Active inflammatory disease, glucocorticoids, and conventional and targeted immunosuppressants each impair host defence in distinct ways, shifting susceptibility toward common bacterial, opportunistic, and reactivation infections. Tumour-necrosis-factor inhibition, for example, compromises granuloma maintenance and is associated with reactivation of latent tuberculosis, which is why screening before such therapy became standard. Vaccination aims to restore protection where possible, while the response to vaccines and the safety of live vaccines depend on the degree and type of immunosuppression.

Clinical relevance

Balancing disease control against infection risk is a defining consideration in the use of immunomodulatory therapy, which is why screening and vaccination are integral to how rheumatic diseases are studied and managed at the population level.
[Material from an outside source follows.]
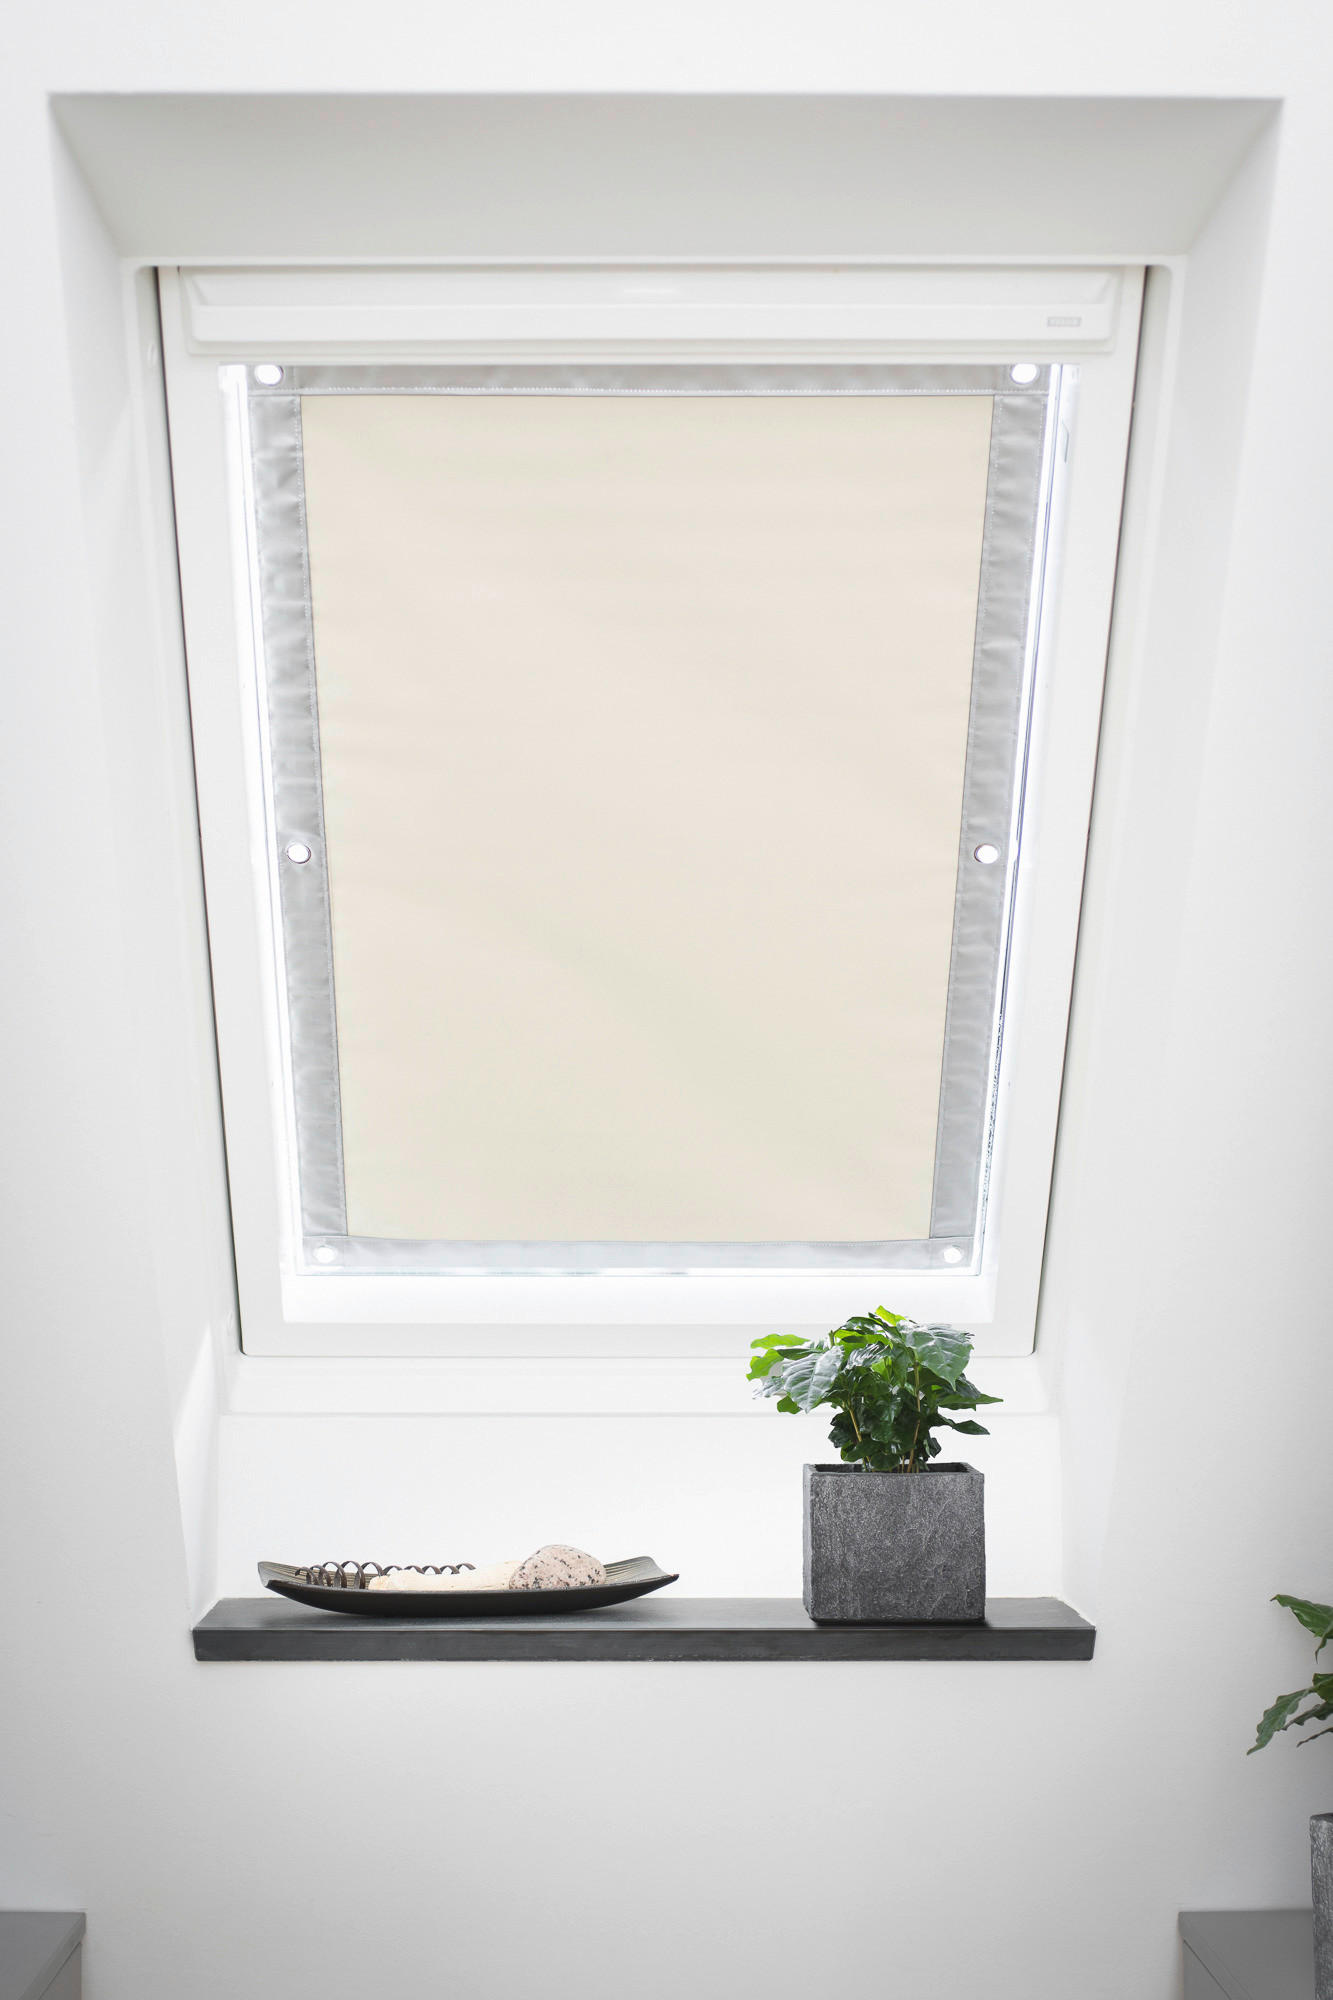 Dachfenster-Sonnenschutz VD beige B/L: ca. 36x51,5 cm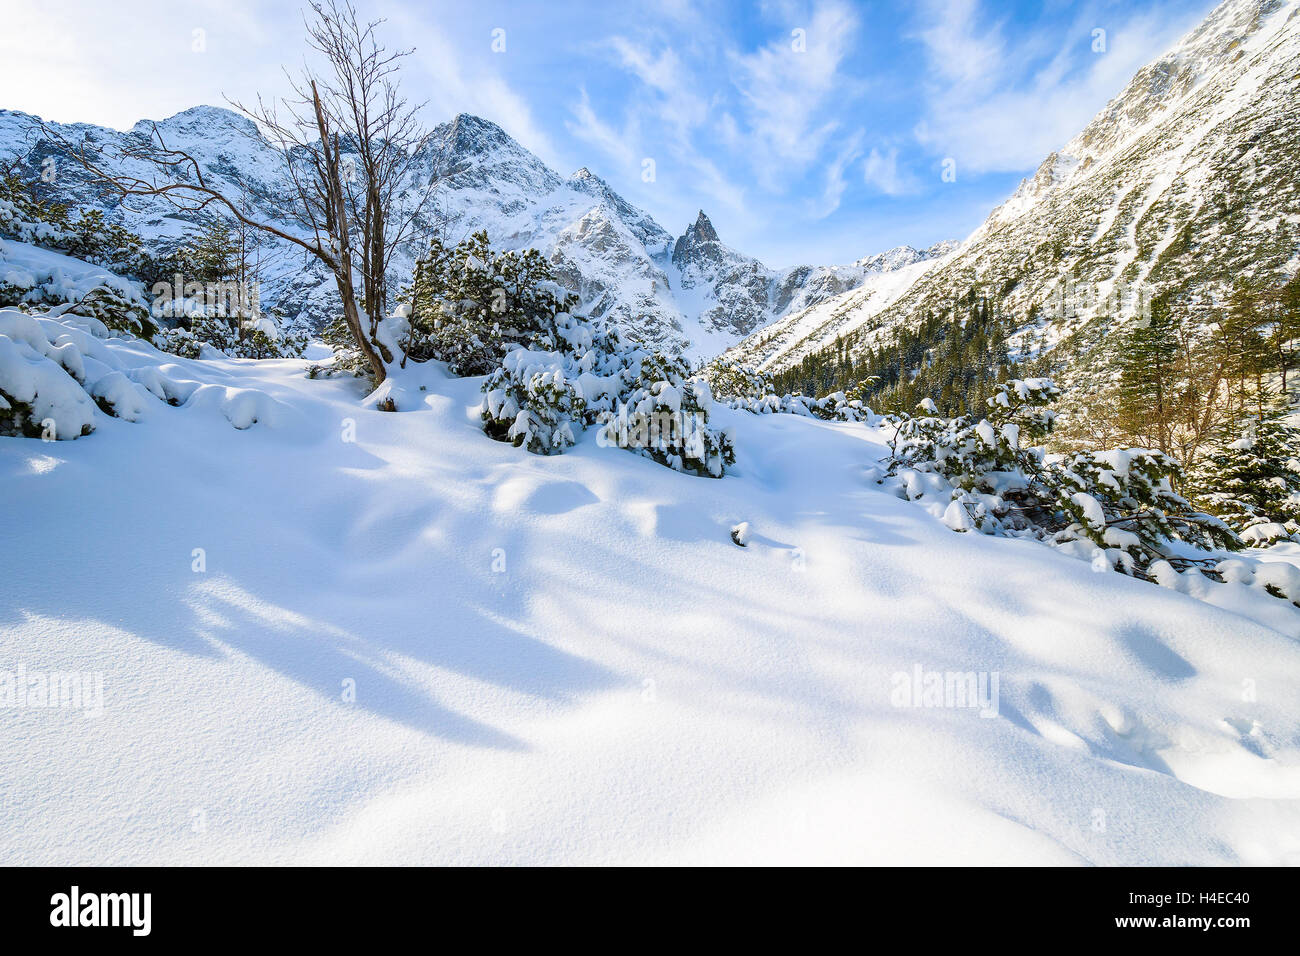 Les chutes de neige fraîche près du lac Morskie Oko gelé en hiver, les montagnes Tatras, Pologne Banque D'Images

This entry describes those principles for reference and does not provide screening intervals, drug-specific protocols, or individual prophylaxis advice.

Epidemiology

Serious infections are a leading cause of hospitalisation and excess mortality across immunosuppressed rheumatic populations, with risk influenced by disease activity, glucocorticoid exposure, and the specific immunosuppressant. The recognition that tumour-necrosis-factor inhibitors were associated with tuberculosis reactivation was an early and influential signal in this literature.

Evidence & guidelines

European League Against Rheumatism recommendations on vaccination in adult patients with autoimmune inflammatory rheumatic diseases summarise consensus on prevention, and pharmacovigilance reports such as the tuberculosis-infliximab association shaped pre-treatment screening practice. These are cited as reference points on how the field frames infection prevention, not as directives for any individual.

History

The early association between infliximab and tuberculosis reactivation, reported through pharmacovigilance, alerted the field to reactivation risk with biologic therapy and led to routine latent-tuberculosis screening before such treatment. In parallel, vaccination in immunosuppressed rheumatic patients was systematised through successive European League Against Rheumatism recommendations.

Debates

How should live vaccines be handled under immunosuppression?: The safety and timing of live vaccines in patients receiving immunosuppressive or biologic therapy remain a nuanced question that vaccination recommendations address with caution, balancing infection prevention against theoretical risks.

Seminal works

keane-2001
vanassen-2011
furer-2020

Frequently asked questions

Why are patients with rheumatic disease at higher risk of infection?: Both the disease's immune dysregulation and the immunosuppressive therapies used to control it impair host defence, increasing susceptibility to common, opportunistic, and reactivation infections.
Why is tuberculosis screening done before starting some biologics?: Tumour-necrosis-factor inhibitors are associated with reactivation of latent tuberculosis, so screening for latent infection before starting such therapy became standard practice after this risk was recognised.